Two Women Were Raped in Front of an Onlooking Crowd Before Being Beheaded
A 12-year old Christian boy was among 12 people executed by the Islamic State (ISIS) during a horrific event that took place on August 28 outside Aleppo, Syria. The young Christian boy was later crucified alongside his father, a Syrian ministry team leader reportedly responsible for starting up 9 churches in the area. They , as well as ten others, were executed for refusing to renounce the name of Jesus Christ and embrace Islam, according to multiple reports.
“In front of the team leader and relatives in the crowd, the Islamic extremists cut off the fingertips of the boy and severely beat him, telling his father they would stop the torture only if he, the father, returned to Islam,” said Christian Aid Mission, a humanitarian group which assists indigenous Christian workers in their native countries. “When the team leader refused, relatives said, the ISIS militants also tortured and beat him and the two other ministry workers. The three men and the boy then met their deaths in crucifixion.”
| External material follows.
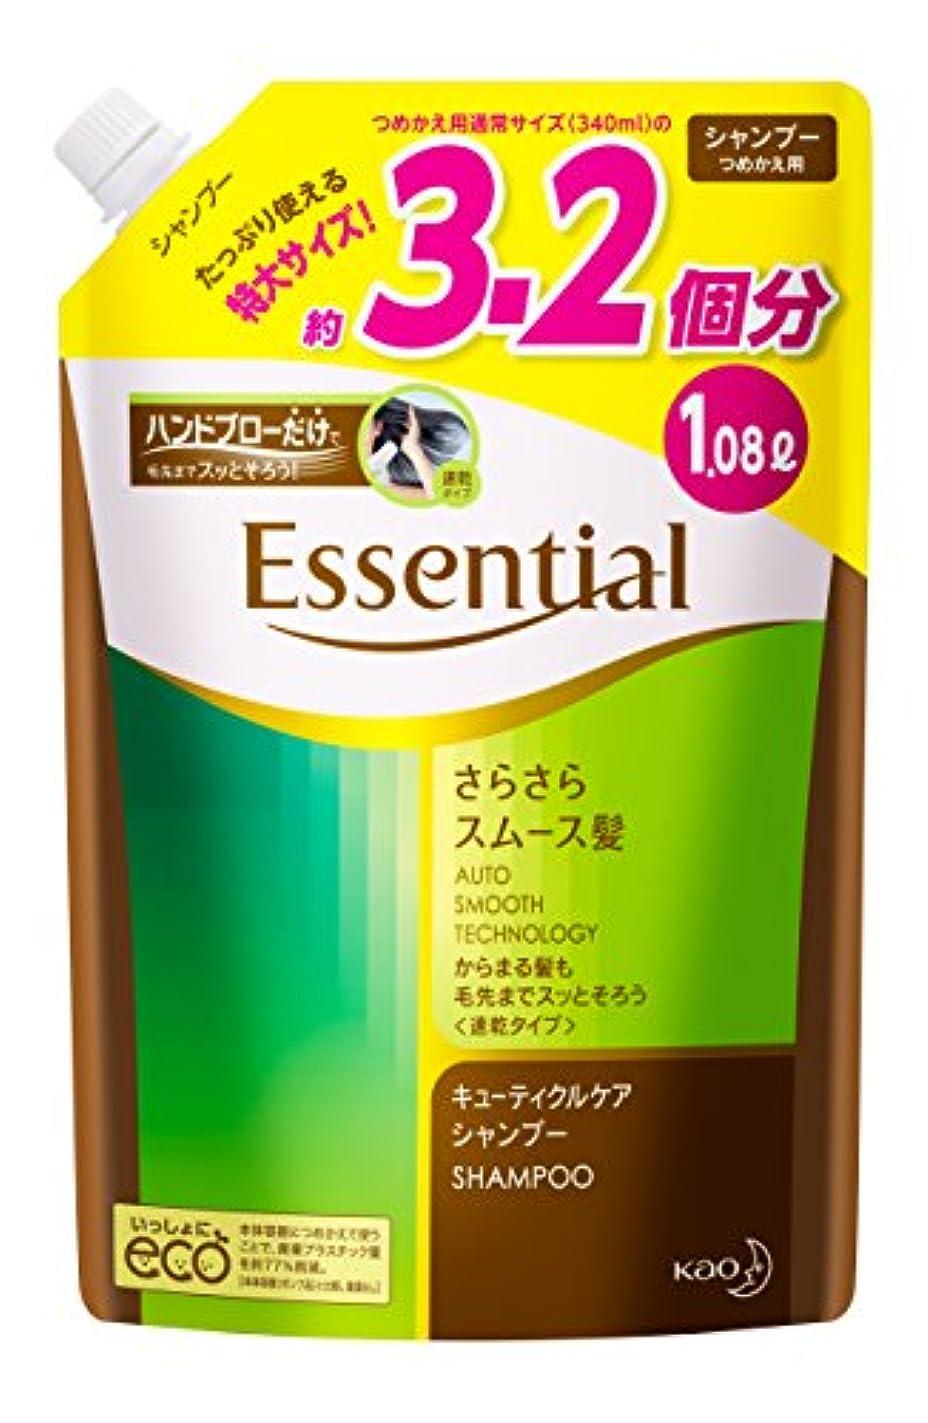 満足現実には拡張【大容量】エッセンシャル シャンプー さらさらスムース髪 替1080ml/1080ml

Eight aid workers, including two women ages 29 and 33, were taken to a separate site in the village and asked to renounced Jesus Christ and convert to Islam. When they refused, they were raped before a gathered crowd and beheaded. Witnesses say the women were faithful to the very end, praying as they knelt in acceptance of their fate before the Islamist militants.
“Villagers said some were praying in the name of Jesus, others said some were praying the Lord’s Prayer, and others said some of them lifted their heads to commend their spirits to Jesus,” Christian Aid told Morning Star News. “One of the women looked up and seemed to be almost smiling as she said, ‘Jesus!'”
The execution is just one of the latest acts in a greater Christian genocide occurring right now in the Middle East. According to the Gospel Herald, in Syria alone, the Christian population has plunged by nearly two-thirds since the country’s civil war started in 2011. In 2003, after the U.S. invasion of Iraq, the Christian population was around 1.5 million. Since the U.S. abandoned its presence and the Islamic State was able to cut out large swathes of territory in both countries, the number of Christians in country has plummetted to well below 200,000.
“It is like going back 1,000 years seeing the barbarity that Christians are having to live under. I think we are dealing with a group which makes Nazism pale in comparison and I think they have lost all respect for human life,” said Patrick Sookhdeo, the founder of Barnabas Fund, a charity that provides aide to Syrian Christians. “Crucifying these people is sending a message and they are using forms of killing which they believe have been sanctioned by Sharia law.”
“For them what they are doing is perfectly normal and they don’t see a problem with it. It is that religious justification which is so appalling.”